Just like Jesus was God.
Just like Buddha was God.
Just like everyone is God.
And I’m trying to process that with 43 years of pain bodies to go with it. My ego which has largely been spent trying to impress women. So I’m in a bit of a hurry not to waste one more second of my life. Because my time is both infinitely valuable and completely meaningless.
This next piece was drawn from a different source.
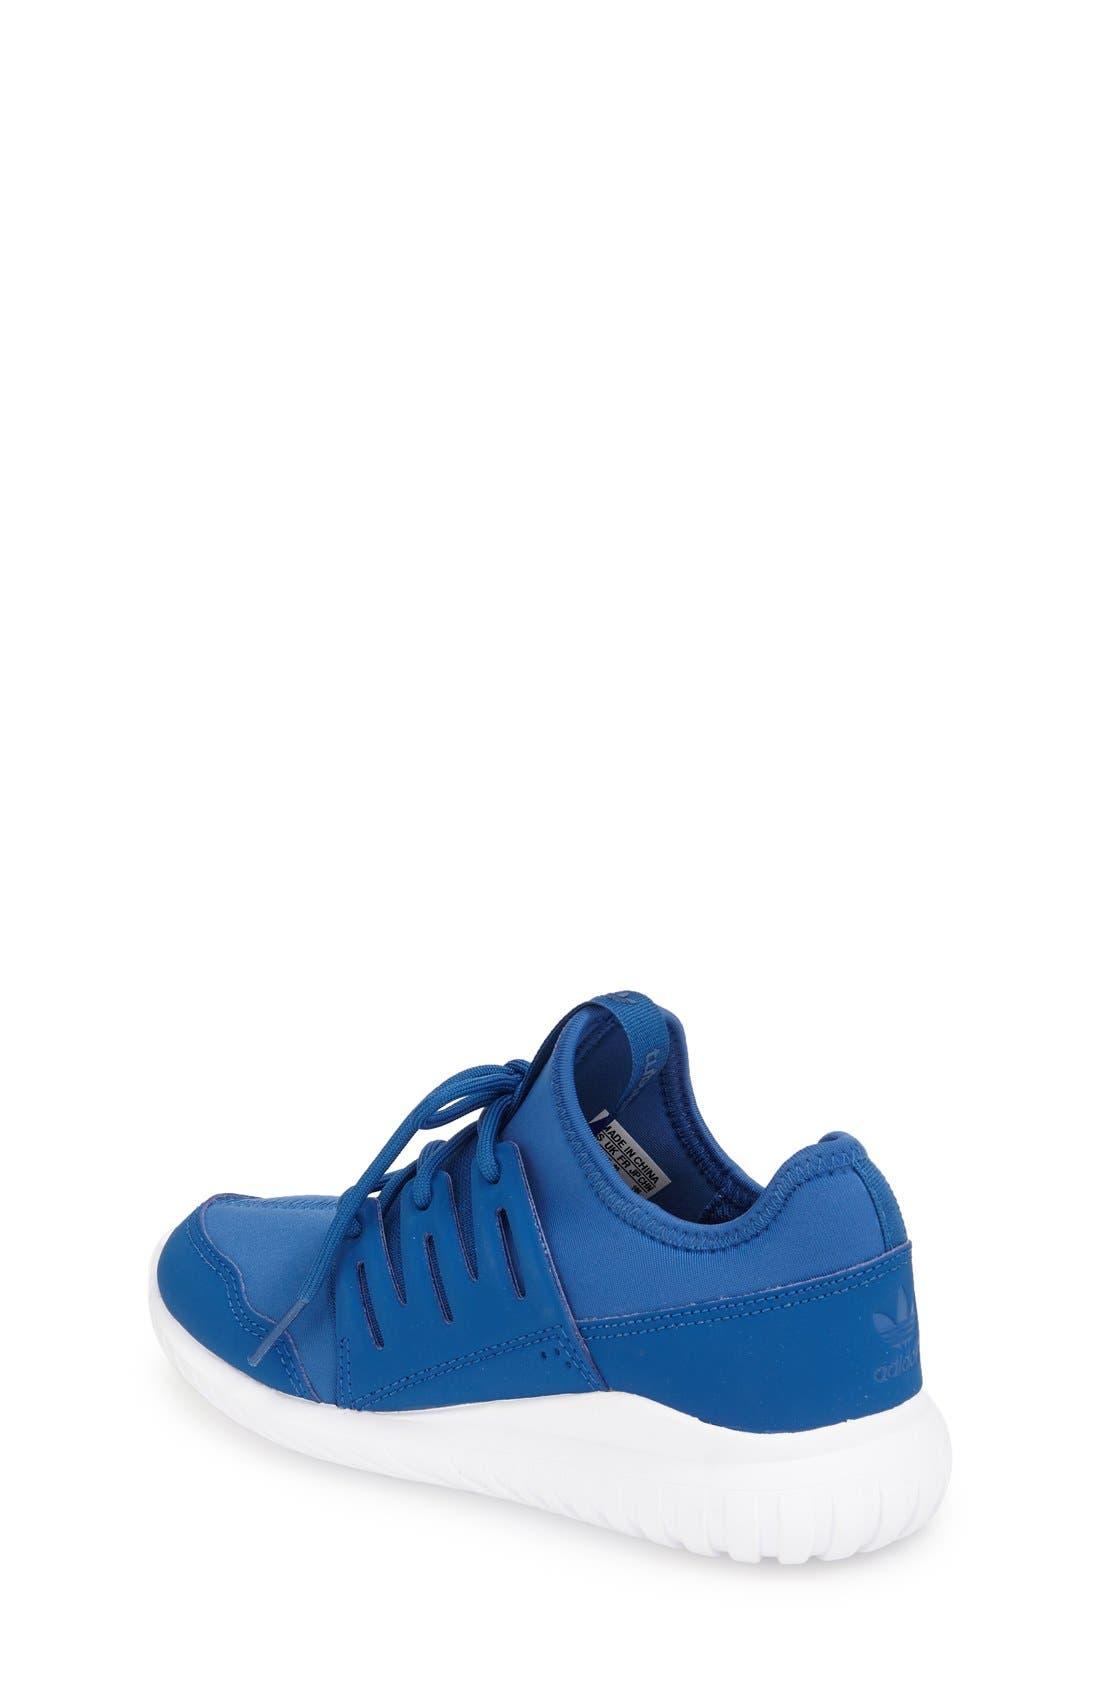 Alternate Image 2  - adidas 'Tubular Radial K' Sneaker (Toddler, Little Kid & Big Kid)
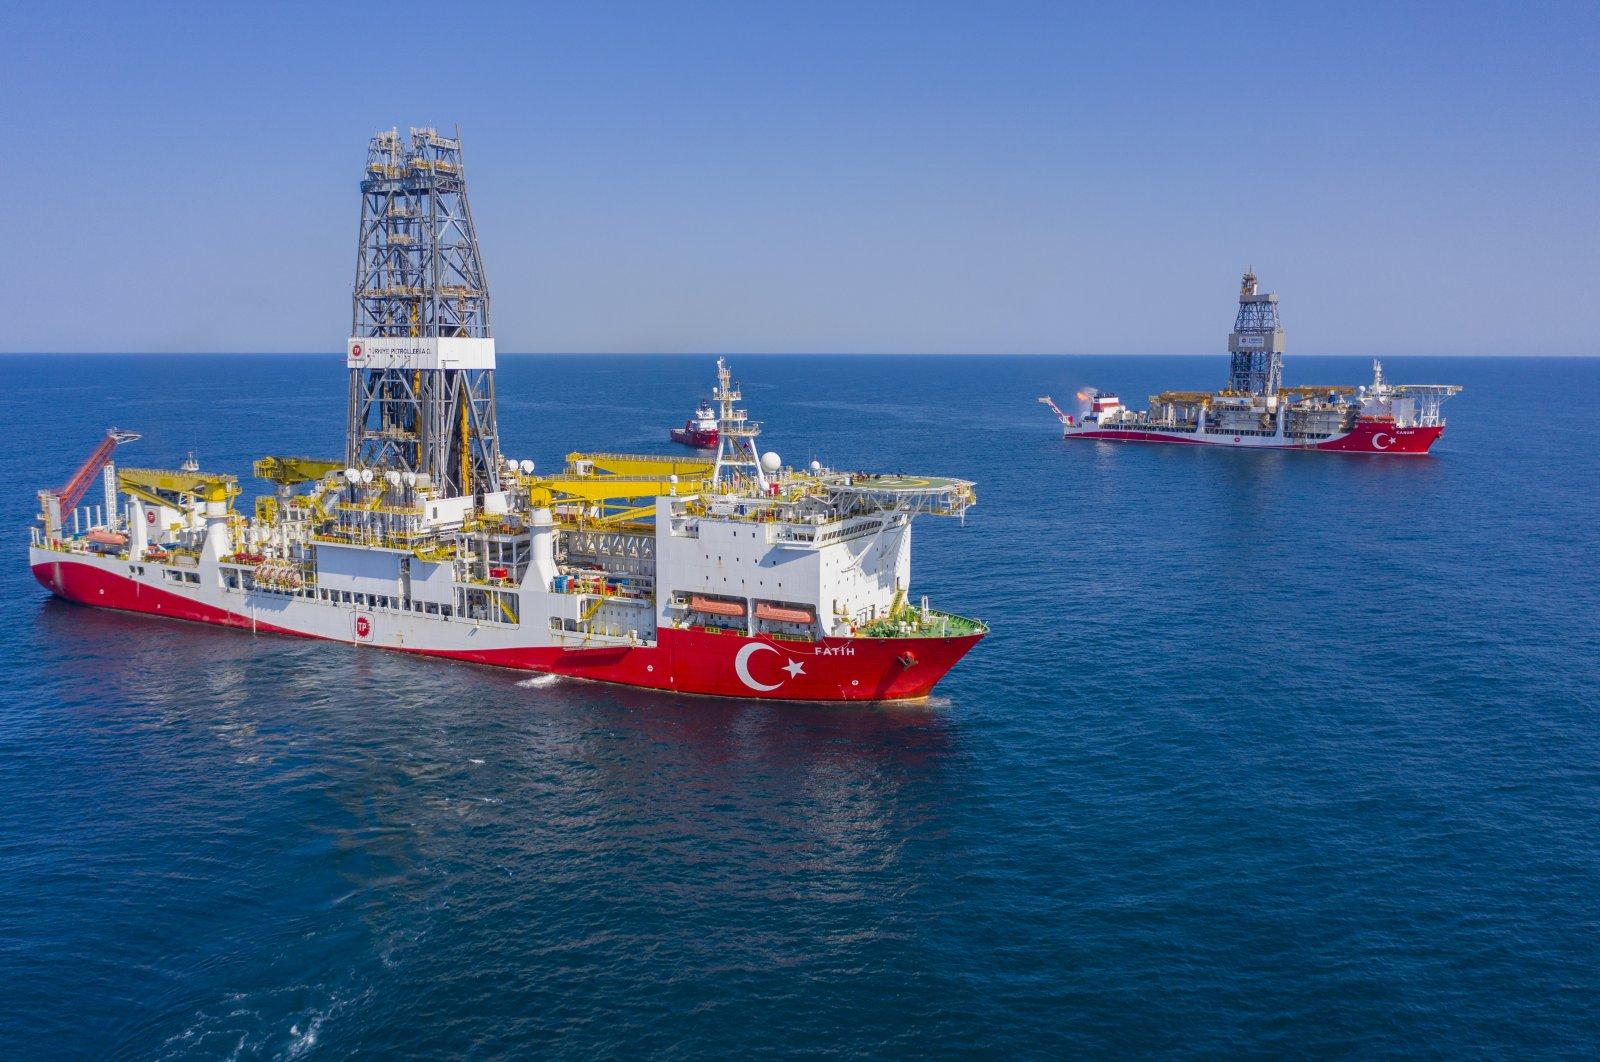 Turkey's Fatih (L) and Kanuni drillships are seen in the Sakarya gas field in the Black Sea, Turkey, July 29, 2021. (AA Photo)

So I’m going to write about it. After all — I’m manifesting and projecting myself as Homer the writer. What else would Homer do? (And yes Homer is the same Homer from the show OA which is what taught me so much about angels and dimensions)
It feels good to get it on paper. Now if I could just concentrate instead of greedily sitting in the now so intentfully. I have a lot of work to do. There is a lot I can manifest if I choose to. And God answers my prayers.